4 of Florida’s 5 Largest School Districts to Require Masks

Dolphin Bay Elementary School kindergarten student Isabela Osorio gets an assist with her mask from her sister Valentina and Assistant Principal Janet Blano Soto, Wednesday, Aug. 16, 2021 in Miramar, Fla. More than 261,000 Broward County Public Schools (BCPS) students headed back to school to begin the 2021/22 school year. (Joe Cavaretta/South Florida Sun-Sentinel via AP)

Dolphin Bay Elementary School kindergarten student Isabela Osorio gets an assist with her mask from her sister Valentina and Assistant Principal Janet Blano Soto, Wednesday, Aug. 16, 2021 in Miramar, Fla. More than 261,000 Broward County Public Schools (BCPS) students headed back to school to begin the 2021/22 school year. (Joe Cavaretta/South Florida Sun-Sentinel via AP)

FORT LAUDERDALE, Fla. (AP) — As more large school districts defy Florida’s ban on strict mask mandates, worries that rapidly spreading infections could force them to close classrooms are no longer theoretical: Thousands of schoolchildren are already being sent home, only days after their school year began.

Children — particularly those too young to get vaccinated against COVID-19 — are “really good” at transmitting the coronavirus, said Dr. J. Stacey Klutts, a special assistant to the national director of pathology and lab medicine for the entire Veterans Affairs system.

Klutts said the highly contagious delta variant makes it absolutely necessary to wear masks indoors and avoid large group gatherings, so if unprotected students sit for hours in classrooms every day, it could rapidly spread infection in the community at large.

“It’s terrifying. I’m afraid that we’re going to have a lot of really sick kids in addition to the spread which is going to be a lot of sick adults,” Klutts said.

School boards in Palm Beach, Miami-Dade and Hillsborough counties voted Wednesday to join Broward and Alachua in requiring students to wear facial coverings unless they get a doctor’s note. With Orange County still allowing an easy parental opt-out, four of Florida’s five largest districts are now defying Gov. Ron DeSantis’ ban on strict mask mandates.

Students began their school year in Palm Beach County on Aug. 10 with a parental opt-out policy that allowed more than 10,000 children to attend classes without masks. The board reversed course after seeing the numbers: After just one week, 734 students and 112 employees had confirmed infections, and more than 1,700 students had been sent home home, Interim Superintendent Michael Burke said.
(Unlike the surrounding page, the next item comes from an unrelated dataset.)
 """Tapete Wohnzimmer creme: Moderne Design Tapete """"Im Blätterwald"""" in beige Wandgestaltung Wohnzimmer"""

Hillsborough, which also began its school year last week, also changed its policy during an emergency meeting Wednesday after tallying 2,058 confirmed cases of COVID-19 and sending more than 10,000 students into isolation due to infection or quarantine due to exposure.

Statewide, Florida reported 23,335 new Covid-19 infections for Tuesday, the U.S. Centers for Disease Control and Prevention said. The U.S. Department of Health and Human Services dashboard reported 17,096 hospitalizations of COVID-19 patients.
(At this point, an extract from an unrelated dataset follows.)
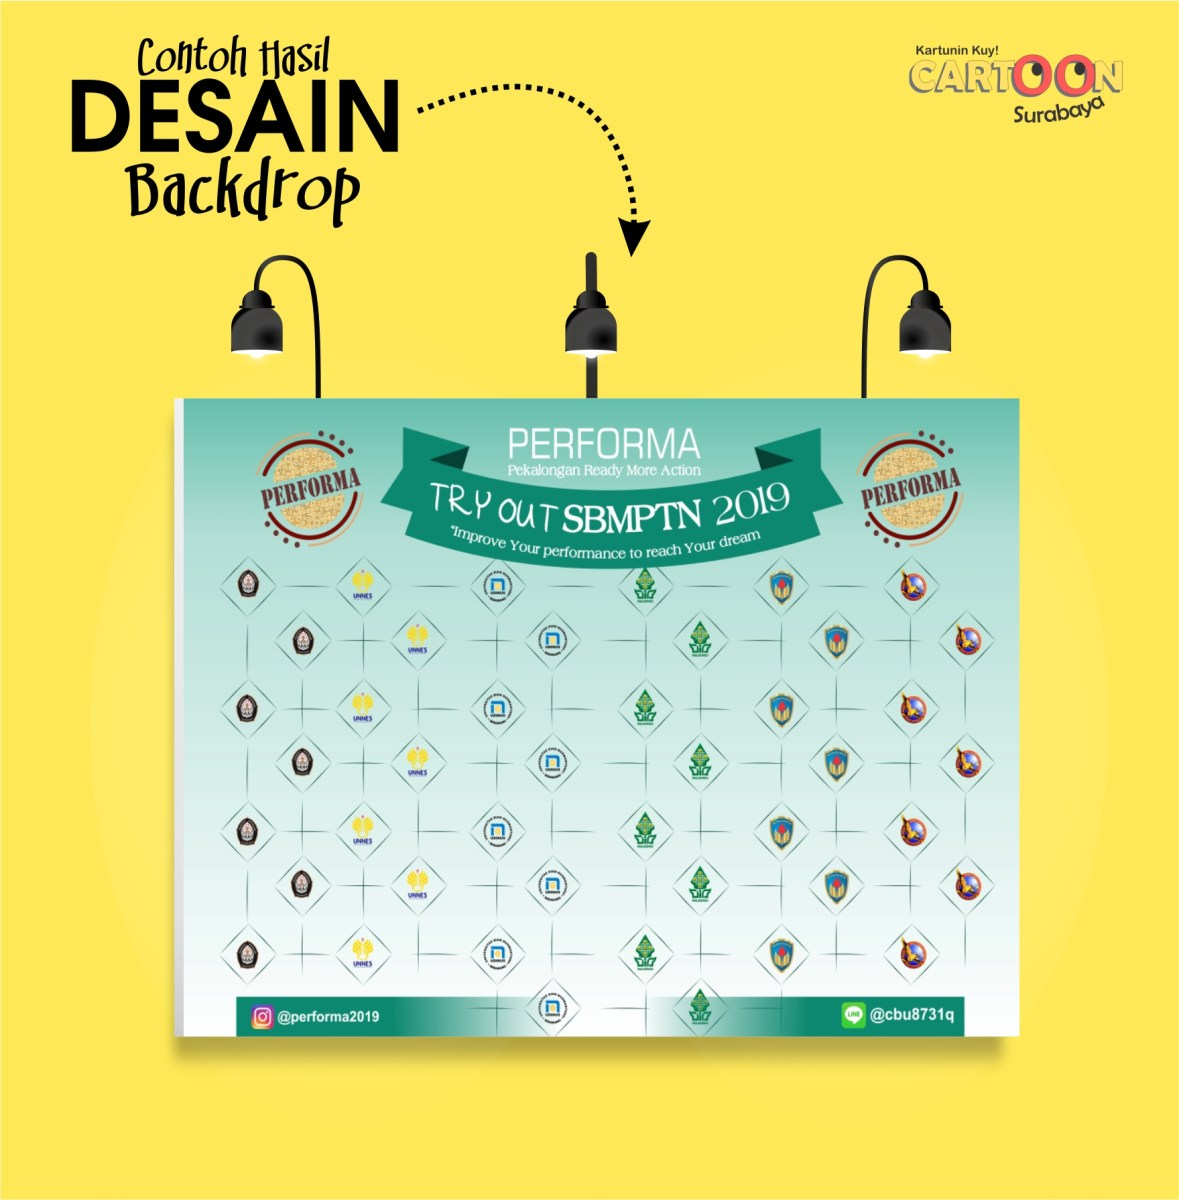 Desain Karikatur: Contoh Hasil Desain Backdrop Photobooth Event TRY OUT

DeSantis, a Republican, also is in an escalating power struggle with the Democratic White House. After President Joe Biden ordered possible legal action Wednesday, the U.S. Education Department raised the possibility of using its civil rights arm against Florida and other Republican-led states that have blocked public health measures meant to protect students.
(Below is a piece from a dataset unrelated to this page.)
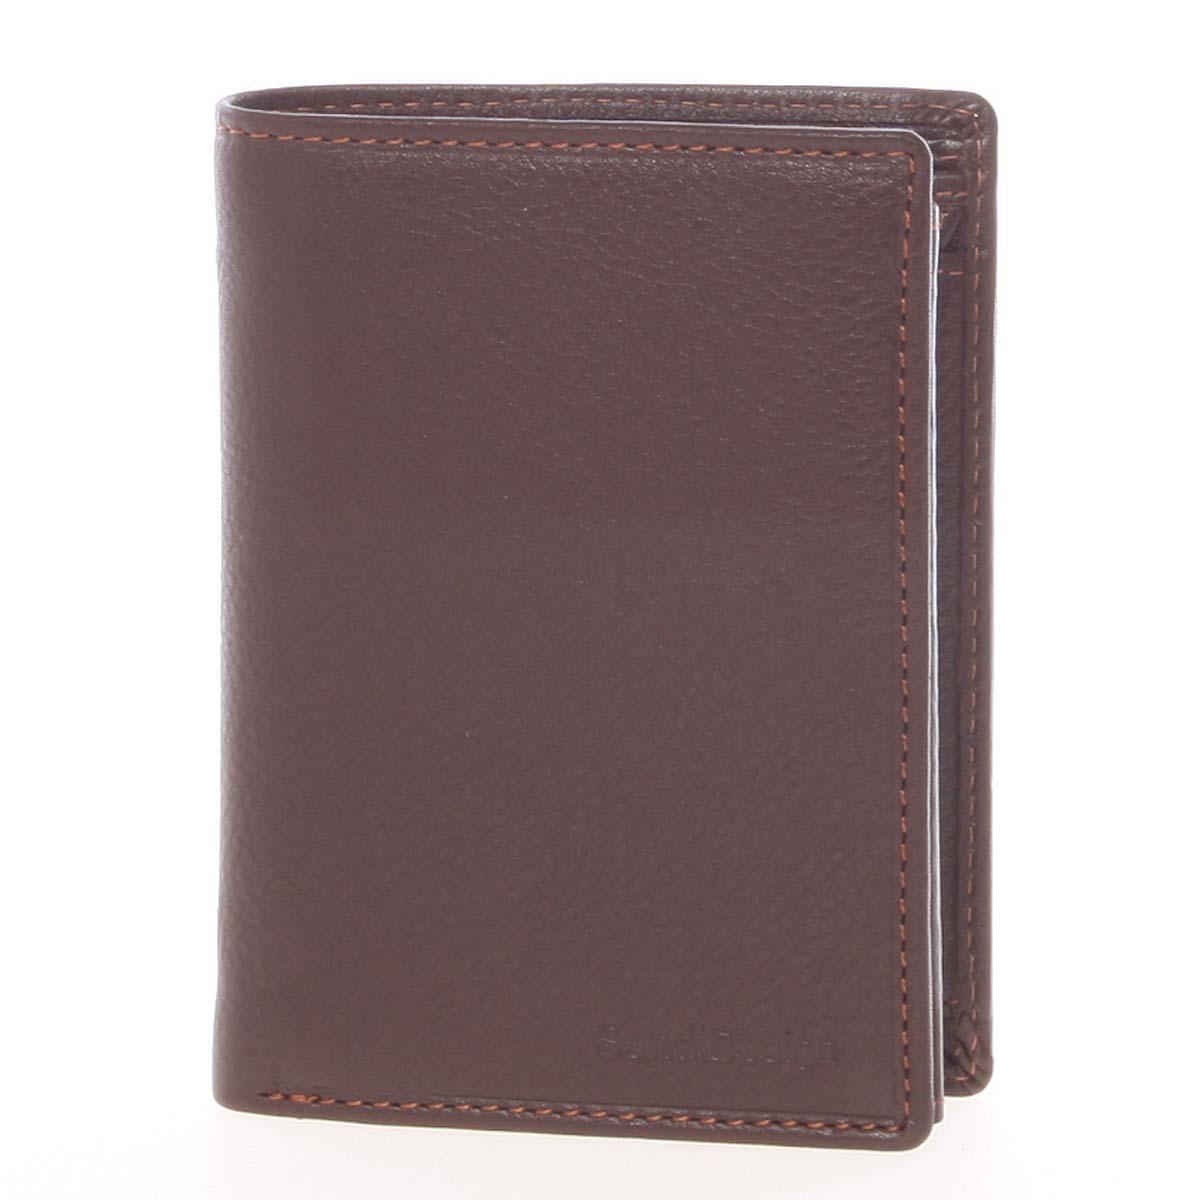 Volná pánská kožená peněženka hnědá - SendiDesign Priam

“Some state governments have adopted policies and laws that interfere with the ability of schools and districts to keep our children safe during in-person learning,” Biden’s executive order said.

Issuing his own executive order last month, DeSantis said Florida must “protect parents’ right to make decisions regarding masking of their children,” and he tasked the state education commissioner with finding ways to make districts comply, including withholding state funds.

Earlier this year, DeSantis also signed a law barring government entities or any other institution from infringing on parental rights to “direct the upbringing, education, health care and mental health” of their children without demonstrating that such action is reasonable, necessary and narrowly tailored.

“The forced masking of schoolchildren infringes upon parents’ rights to make health and educational decisions for their own children,” the governor’s spokeswoman, Christina Pushaw, said Wednesday. Politicians, including those on school boards, are not above the law, she added.

“I am not on the board for political partisanship,” said Nadia Combs, who sponsored the mask policy in Hillsborough County. “We have to keep our schools open. That is my goal.”